El Ensayo de Ligadura de Proximidad (PLA) es una técnica bioquímica para estudiar in situ las interacciones proteína-proteína21,22. Se basa en la especificidad de anticuerpos de diferentes especies que pueden unirse a proteínas diana de interés, lo que permite una detección altamente específica de interacciones de proteínas endógenas a nivel de una sola célula. Aquí, los anticuerpos primarios tienen que unirse a su epítopo objetivo a una distancia de menos de 40 nm para permitir la detección23. Por lo tanto, el PLA es muy beneficioso sobre los enfoques tradicionales de coinmunoprecipitación, donde se necesitan varios millones de células para detectar interacciones endógenas de proteínas. En el PLA, los anticuerpos secundarios específicos de la especie, unidos covalentemente a fragmentos de ADN (denominados sondas Plus y Minus), se unen a los anticuerpos primarios y si las proteínas de interés interactúan, las sondas Plus y Minus se acercan mucho. El ADN se liga en el siguiente paso y la amplificación del círculo rodante del ADN circular es posible. Durante la amplificación, los oligonucleótidos complementarios marcados fluorescentemente se unen al ADN sintetizado, lo que permite que estas interacciones proteicas se visualicen mediante microscopía de fluorescencia convencional.

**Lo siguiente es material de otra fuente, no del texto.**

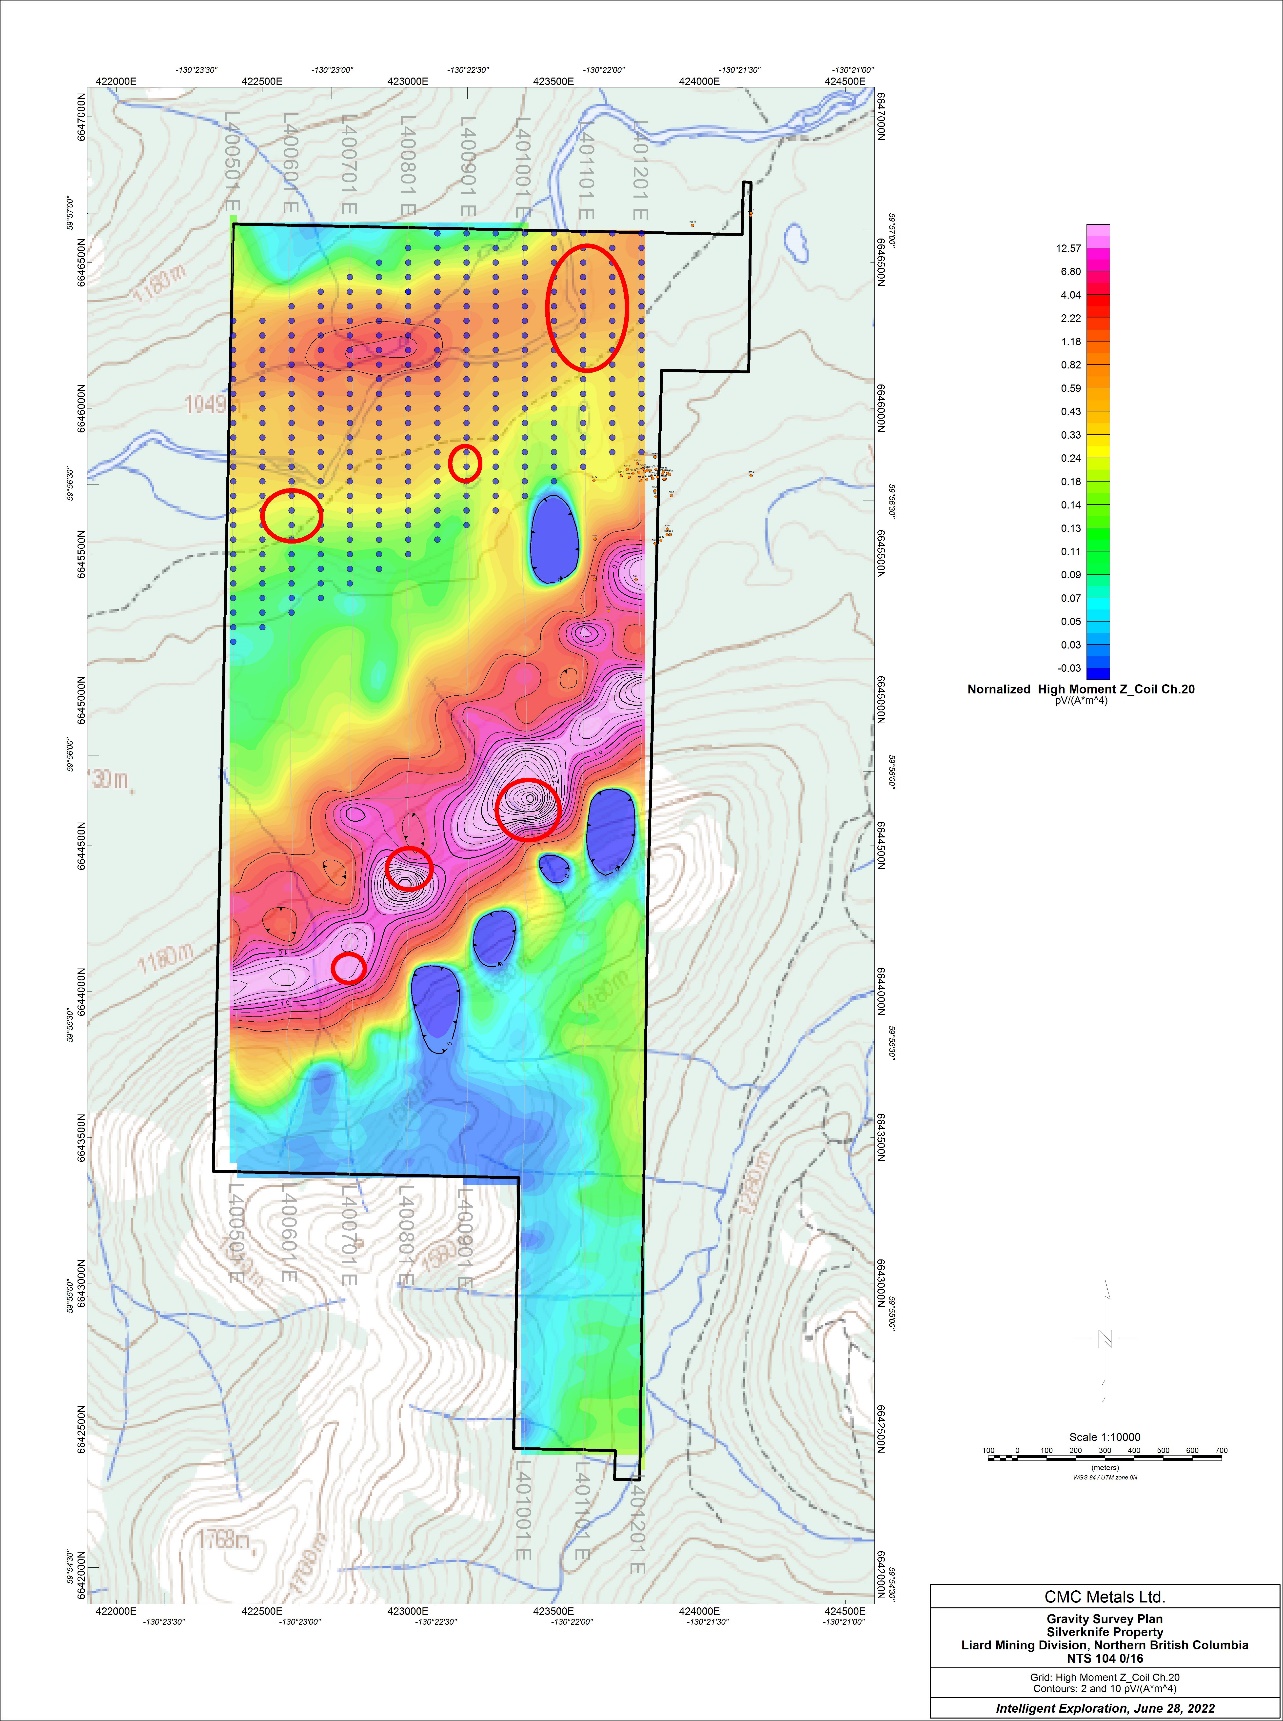 CMC Metals Ltd. Contracts Gravity Geophysical Survey to Further Delineate CRD Targets at its Silverknife Property, Northern British Columbia

El protocolo descrito aquí permite a los científicos comparar cuantitativamente el número de complejos de transcripción SMAD activos en condiciones de SS ateroprotectoras y ateroprofónicas in vitro utilizando PLA. SS se genera a través de un sistema de bomba neumática programable que es capaz de generar flujo unidireccional laminar de niveles definidos y permite aumentos escalonados de los caudales. Este método permite la detección de interacciones entre SMAD1/5 o SMAD2/3 con SMAD4, así como complejos mixtos-R-SMAD. Se puede ampliar fácilmente para analizar las interacciones de los SMAD con los co-reguladores transcripcionales o con complejos de factores de transcripción distintos de los SMAD. La Figura 1 muestra los principales pasos del protocolo que se presentan a continuación.

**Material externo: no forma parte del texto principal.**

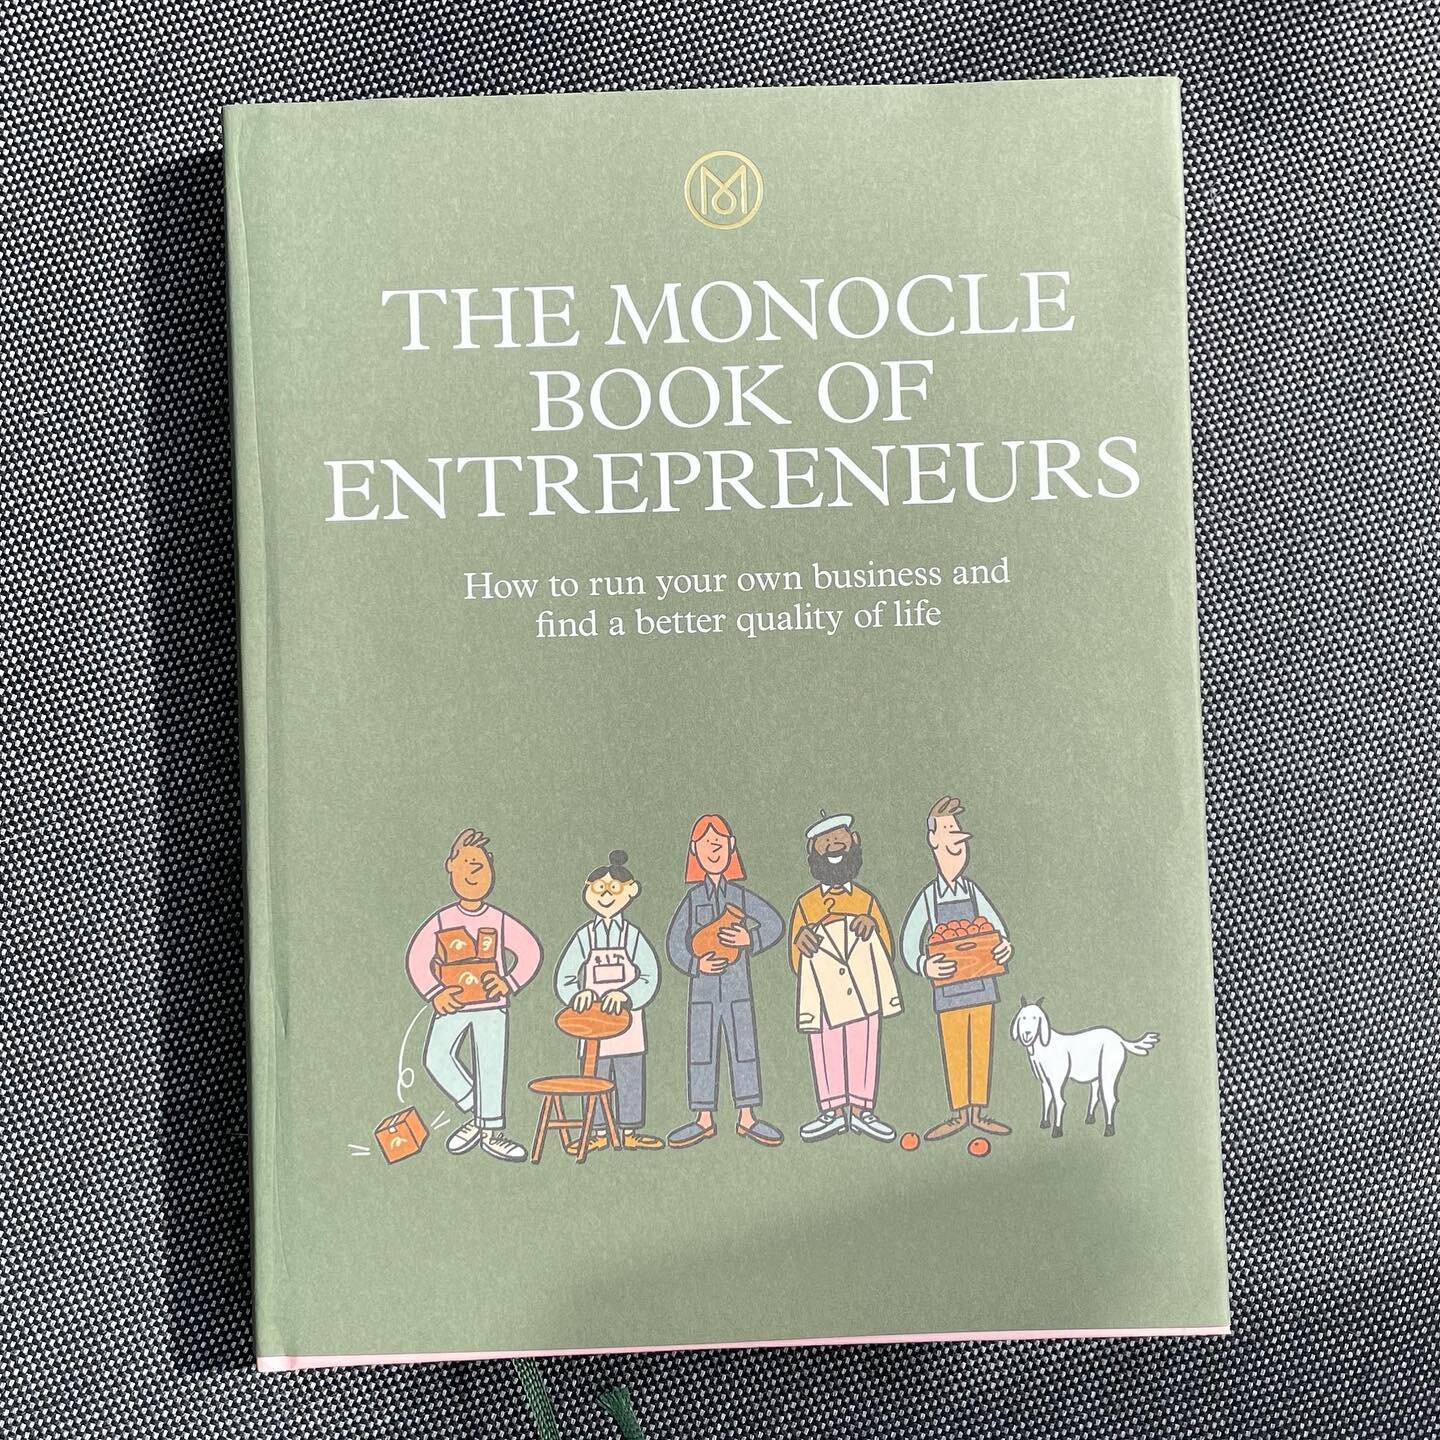 Inspiration: for the entrepreneurs out there! A great read full of expert advise from funding to branding to community building. Plus a 100 success stories to inspire you into action! Beautifully designed and written &mdash; Monocles Book of Entrepre

Figura 1: Representación esquemática del protocolo descrito. (A) Las células sembradas en portaobjetos de 6 canales se exponen a la tensión de cizallamiento con un sistema de bomba neumática. (B) Las células fijas se utilizan para experimentos de PLA o para condiciones de control. (C) Las imágenes de los experimentos de PLA se adquieren con un microscopio de fluorescencia y se analizan utilizando el software de análisis ImageJ. Haga clic aquí para ver una versión más grande de esta figura.